We know that smoking is injurious to health. People who have been smoking for a long time and now wish to kick the habit have a lot of challenges. Occasional smokers can still resist smoking, but people who have been smoking pack-a-day for long can find quitting very difficult. If you are facing such a challenge, here we bring you some simple ways to quit smoking.
- Create a personal plan
To begin with, create a personal plan to stop smoking. Having a tailored plan will help you to stay on track. Such plans should be created, keeping in mind the short-term and long-term challenges. Consider your specific issues, needs, and smoking habits when creating this plan. It is the best and simple way to quit smoking. - Identify smoking triggers
Every person has some or other triggers that persuade him to smoke.
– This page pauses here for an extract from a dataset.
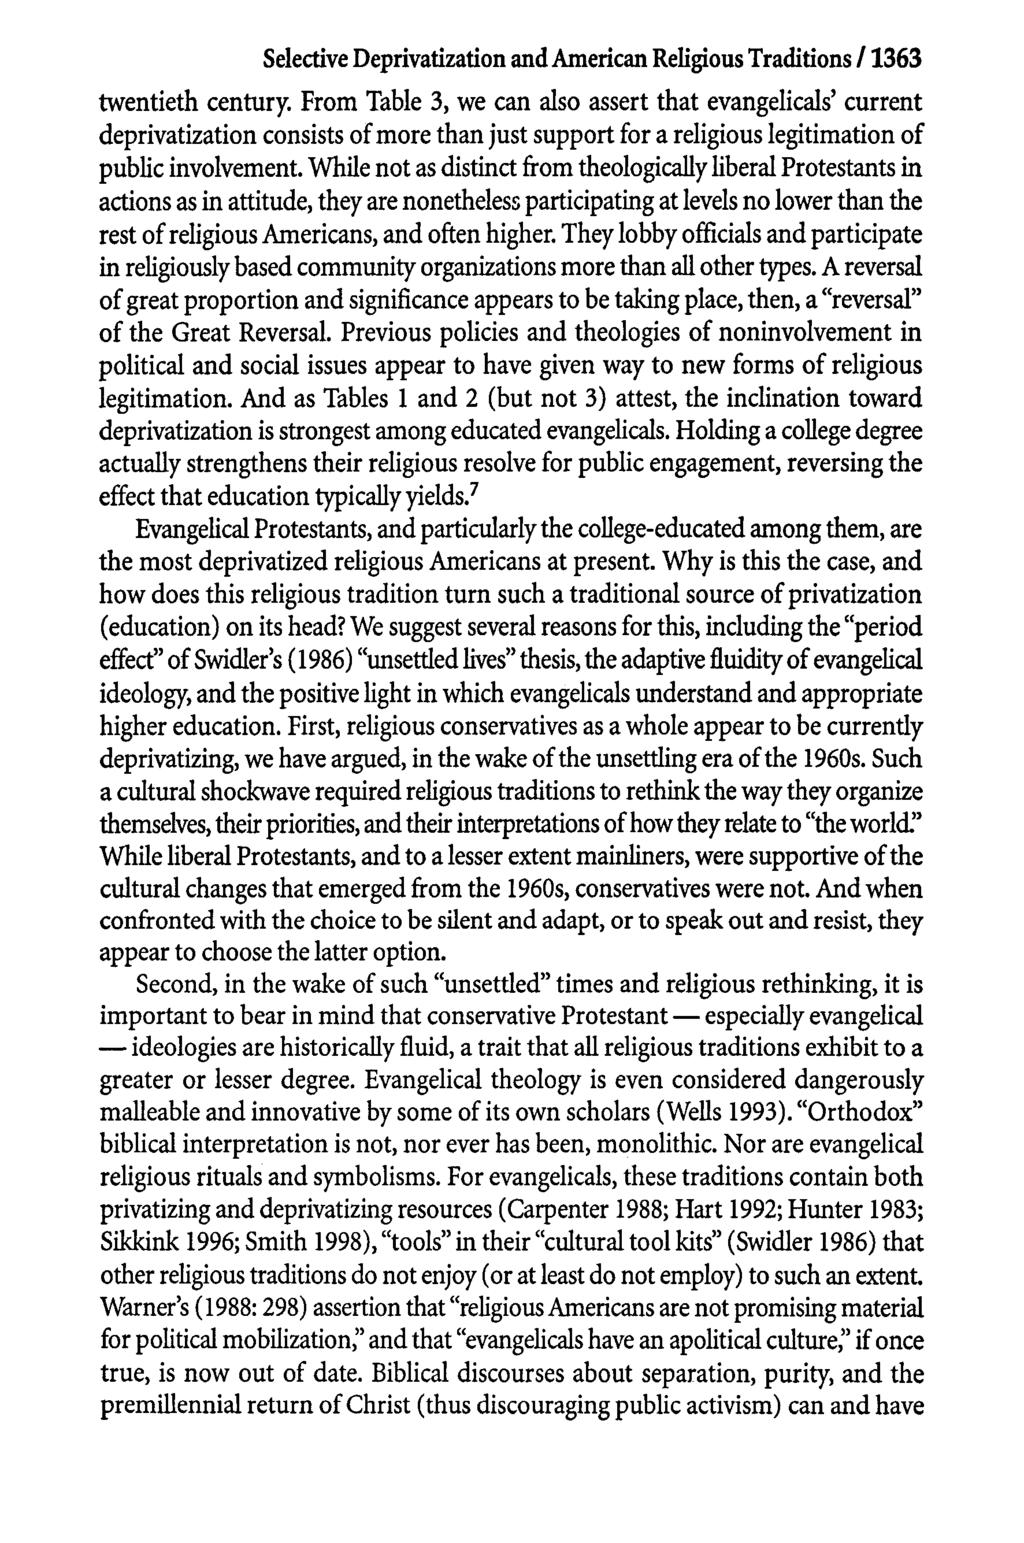 Selective Deprivatization and American Religious Traditions / 1363 twentieth century.

If looking forward to quitting this habit, it is important to identify triggers that make you want to smoke. These can be a certain situation, feelings, activities, and people. Once these triggers are identified, you can try to stay clear of them. It is one of the most important elements and a part of simple ways to quit smoking. Once a person knows what makes him smoke, he/she will be more conscious about staying away from them. - Maintaining a craving journal
Smokers who wish to quit this habit can maintain a journal consisting of information that helps identify triggers and patterns. Keeping a journal will help you zero in on such issues and take note of things that needs to be avoided. Some common triggers that will find a way in this craving journal are alcohol, the company of other smokers, taking a drag after every meal, and so on. If one tries to distract themselves or stay away from these triggers or occupy themselves with something else, they can gradually work on his objective of quitting the dangerous habit. - Nicotine withdrawal symptoms coping mechanism
You will experience various psychological and physical withdrawal symptoms as soon as you earnestly start looking for ways to quit smoking. Nicotine withdrawal symptoms begin quickly, and at times, it starts as early as within an hour of the last cigarette. In some cases, it reaches its peak within 2-3 days of stopping to smoke. Depending on the individual, these symptoms can persist in a person from a few days to weeks. These symptoms include craving for a cigarette, frustration, irritation, anger, difficulty concentrating, nervousness, anxiety, increased appetite, and more.
You need to understand that these cravings do not last long, and by using these simple ways to quit smoking, you can curb this habit and take back control of your life.